Copy the data verbatim and leave out every picture.

Available data>
━━━━━━━━

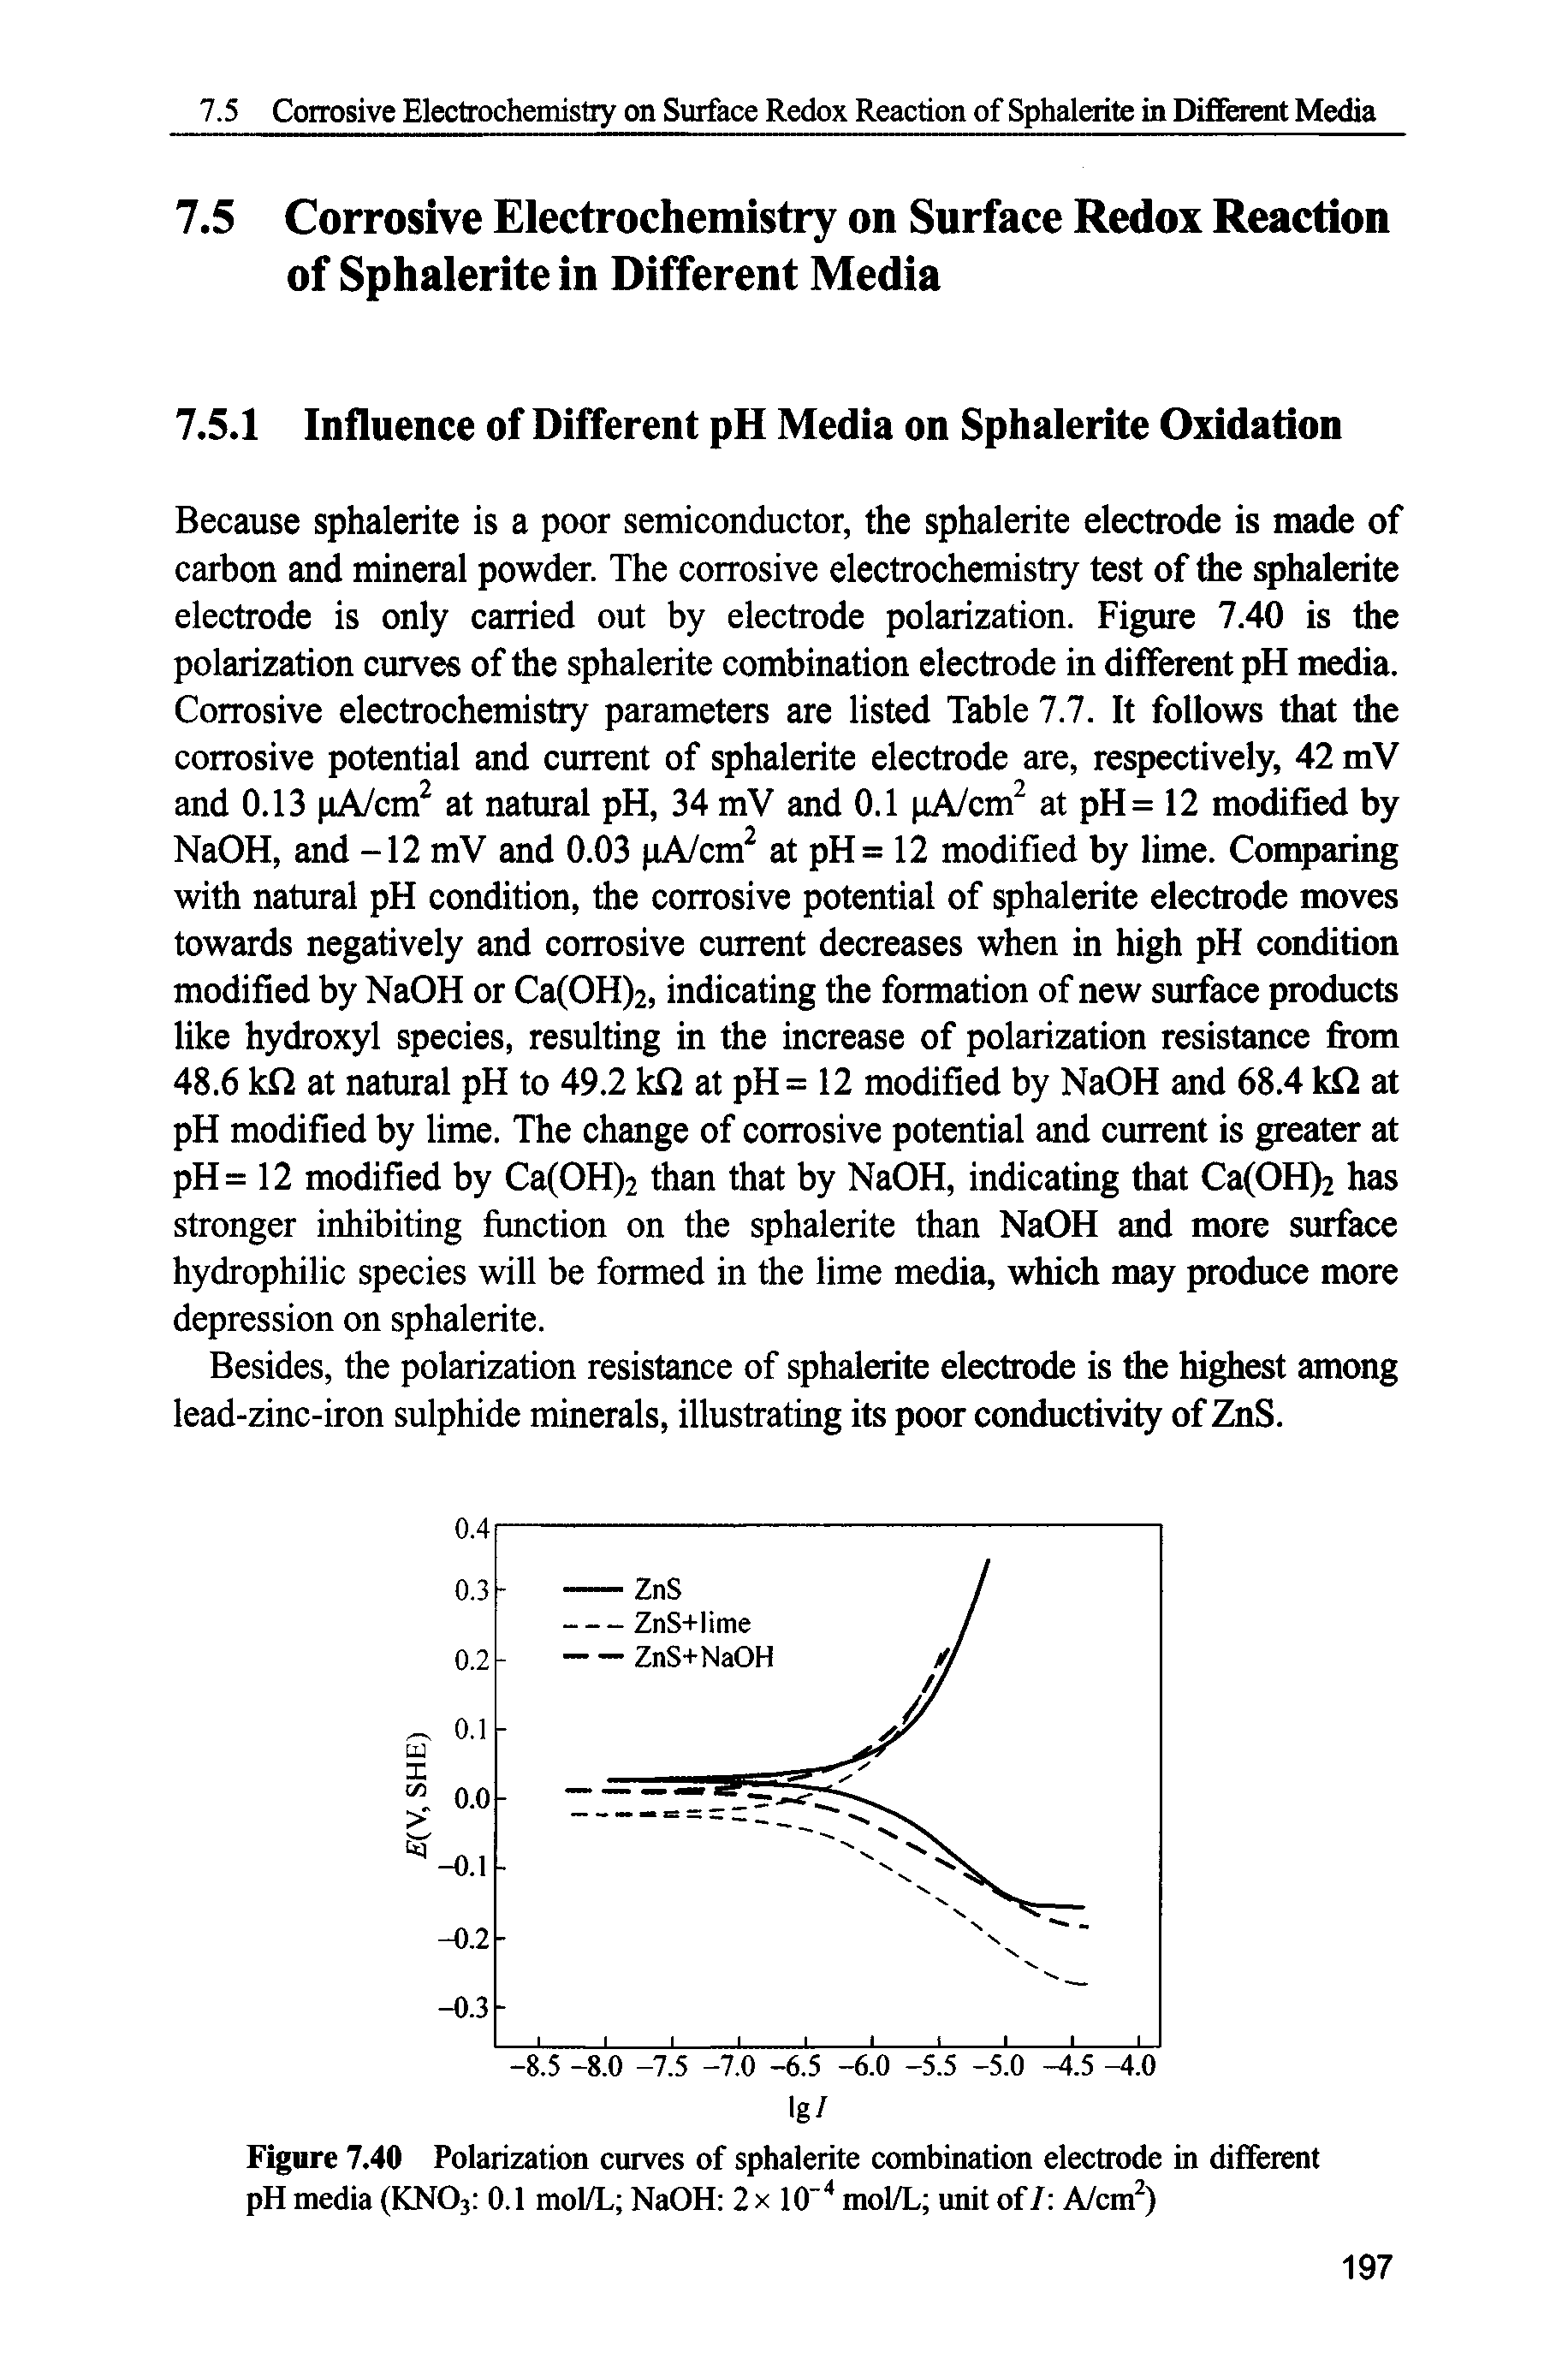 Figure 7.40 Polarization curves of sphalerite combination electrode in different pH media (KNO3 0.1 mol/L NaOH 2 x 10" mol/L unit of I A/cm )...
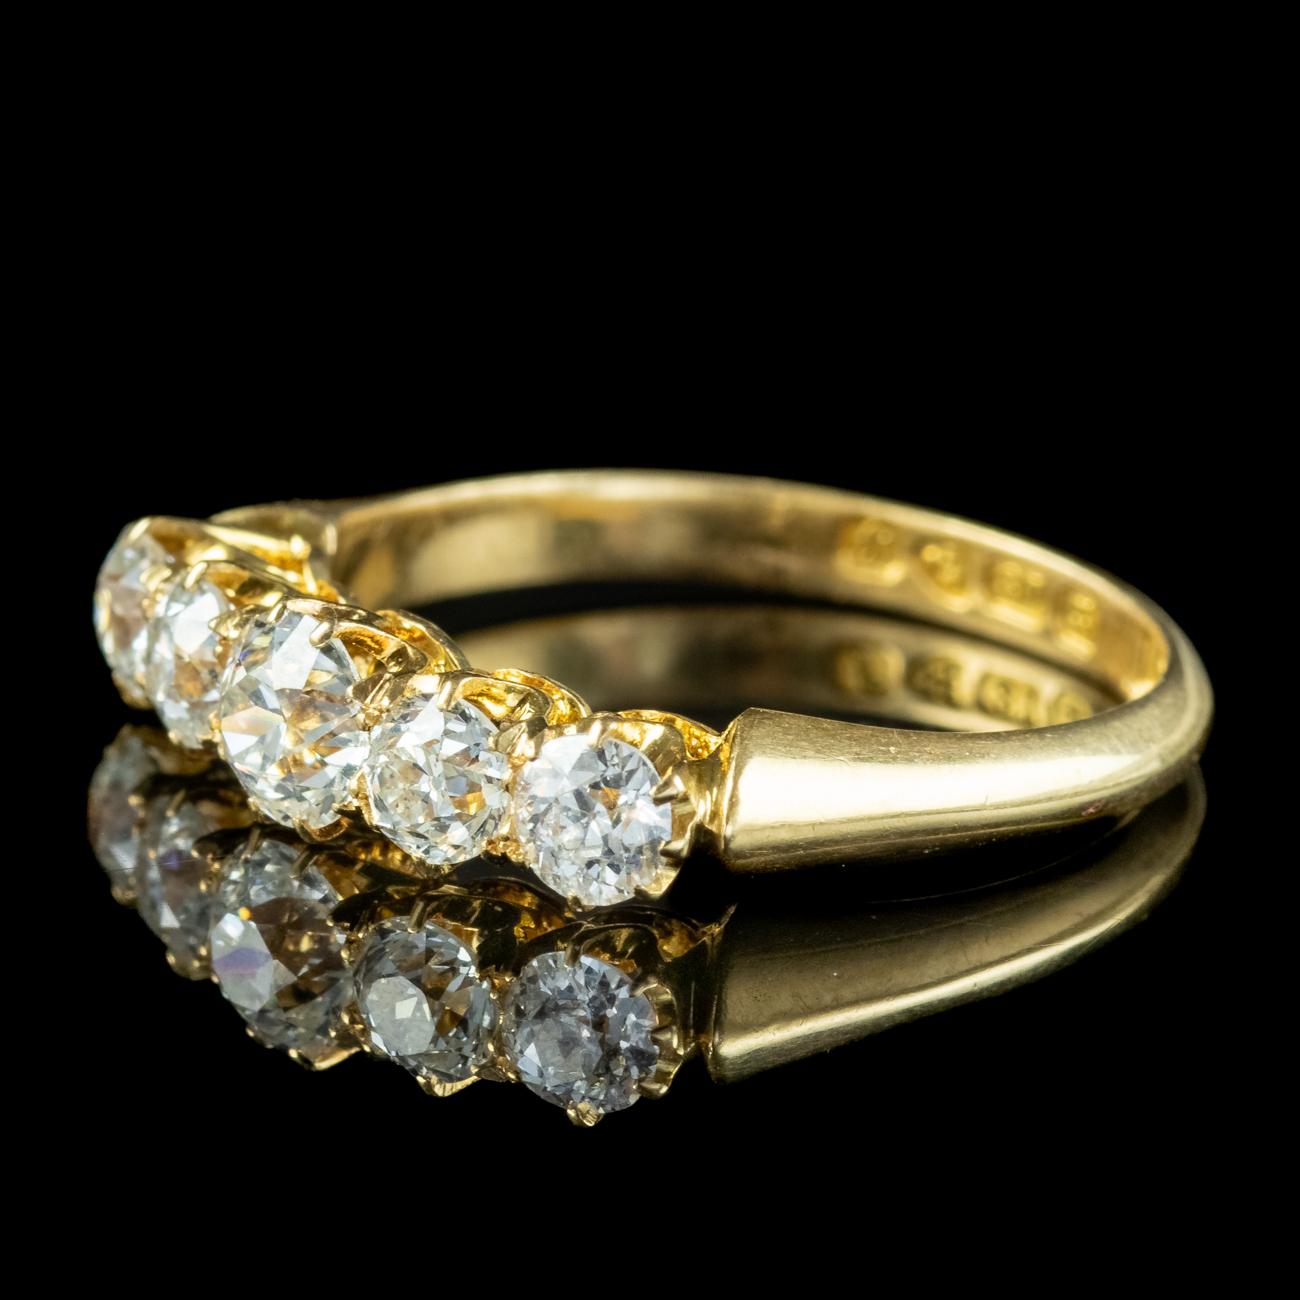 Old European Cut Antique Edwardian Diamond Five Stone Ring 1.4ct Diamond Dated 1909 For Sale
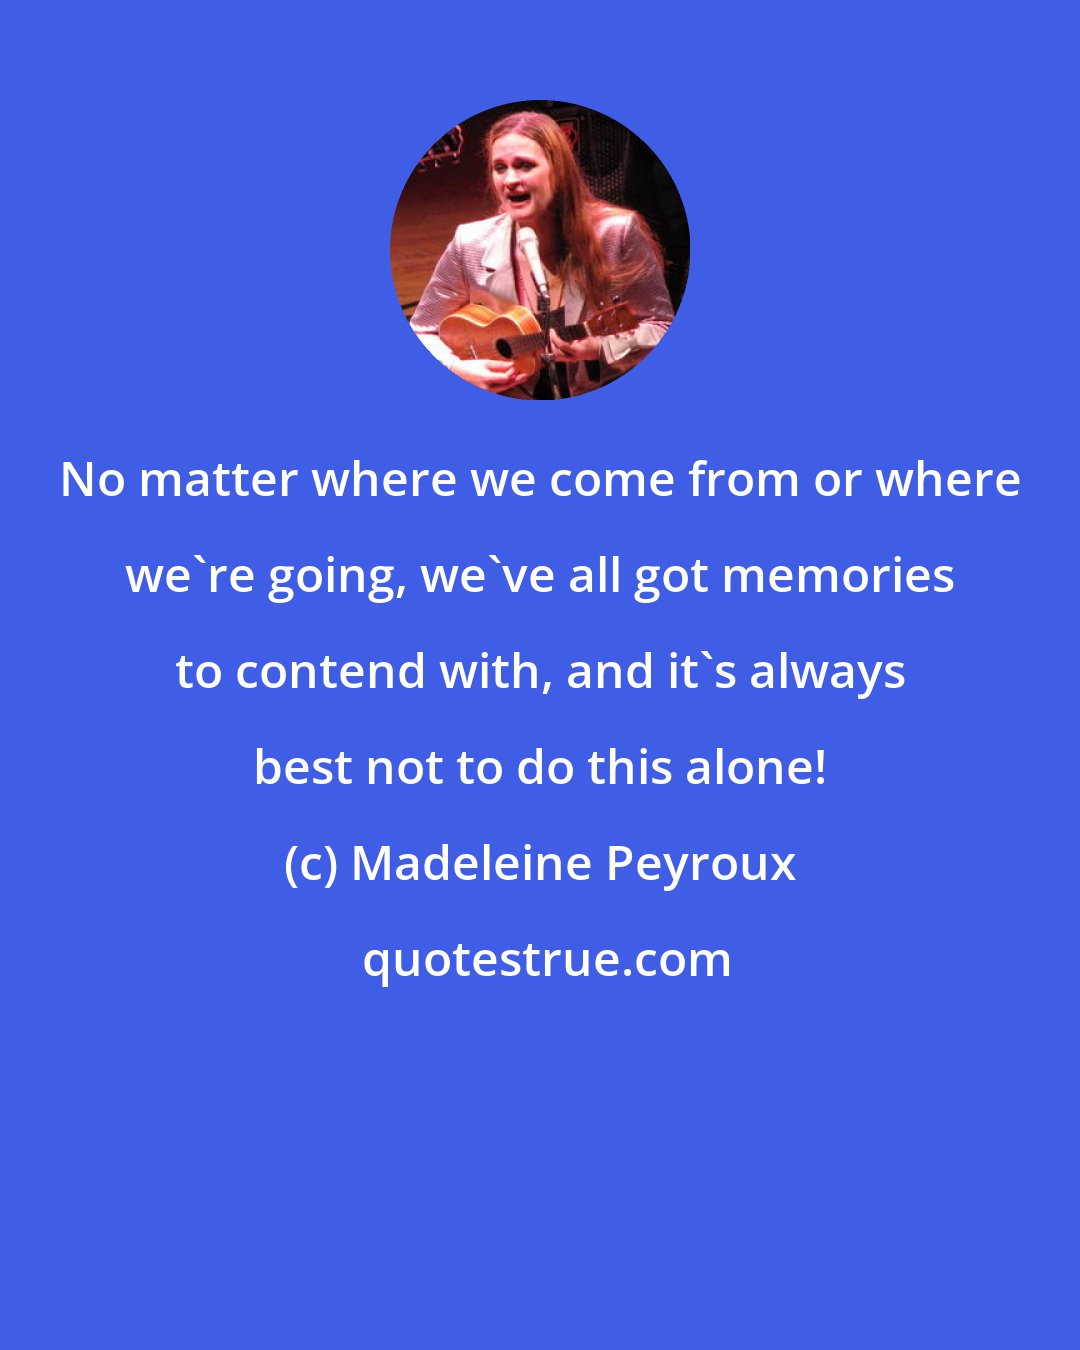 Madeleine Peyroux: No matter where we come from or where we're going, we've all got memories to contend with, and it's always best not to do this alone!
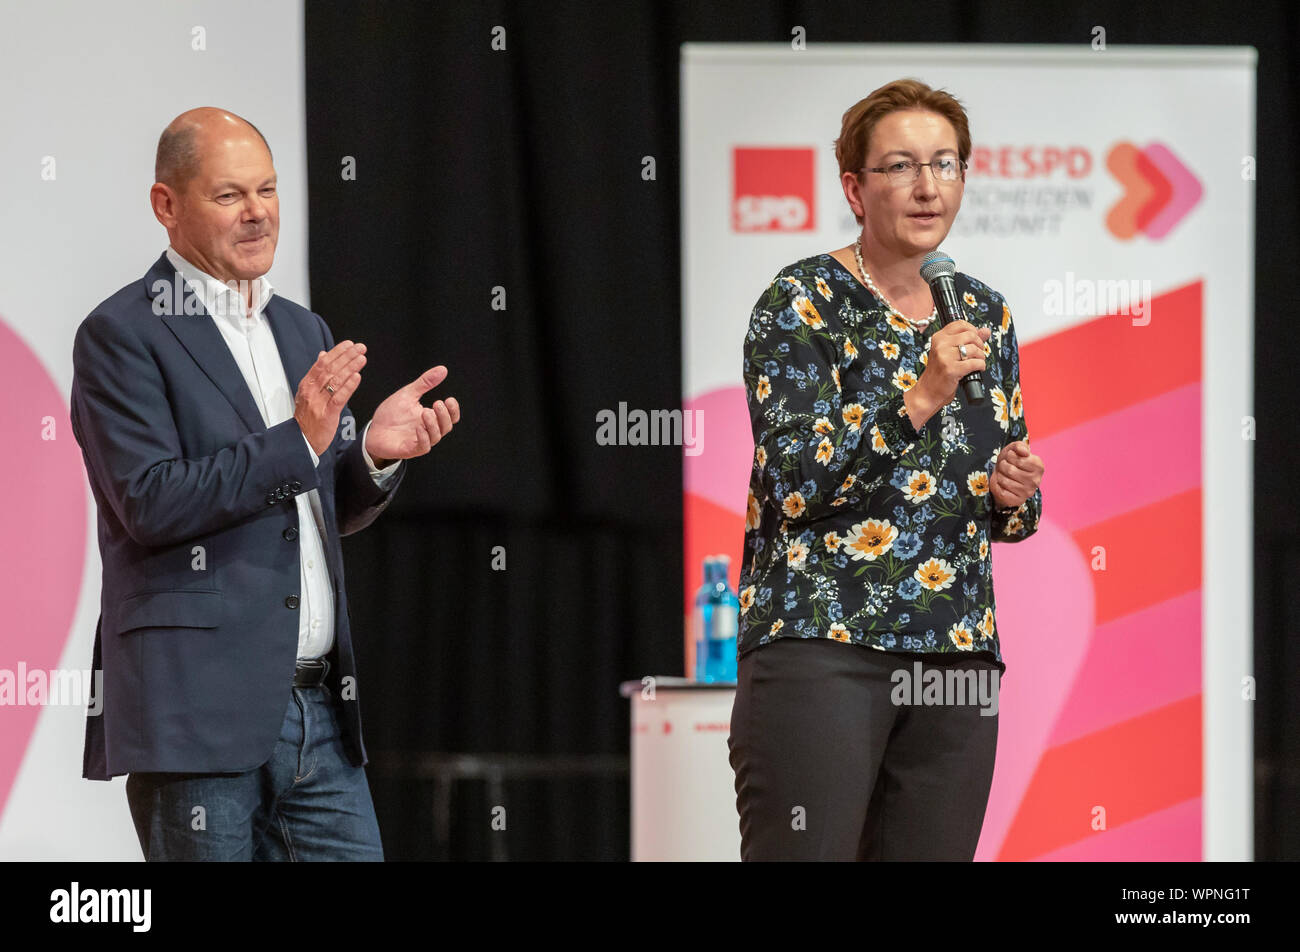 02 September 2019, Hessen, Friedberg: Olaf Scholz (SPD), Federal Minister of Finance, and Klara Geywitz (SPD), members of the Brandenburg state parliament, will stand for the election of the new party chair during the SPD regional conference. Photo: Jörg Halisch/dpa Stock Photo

━━━━━━━━

Written reply>
 Figure 7.40 Polarization curves of sphalerite combination electrode in different pH media (KNO3 0.1 mol/L NaOH 2 x 10" mol/L unit of I A/cm )...
 Old European Cut Antique Edwardian Diamond Five Stone Ring 1.4ct Diamond Dated 1909 For Sale
 Madeleine Peyroux: No matter where we come from or where we're going, we've all got memories to contend with, and it's always best not to do this alone!
 02 September 2019, Hessen, Friedberg: Olaf Scholz (SPD), Federal Minister of Finance, and Klara Geywitz (SPD), members of the Brandenburg state parliament, will stand for the election of the new party chair during the SPD regional conference. Photo: Jörg Halisch/dpa Stock Photo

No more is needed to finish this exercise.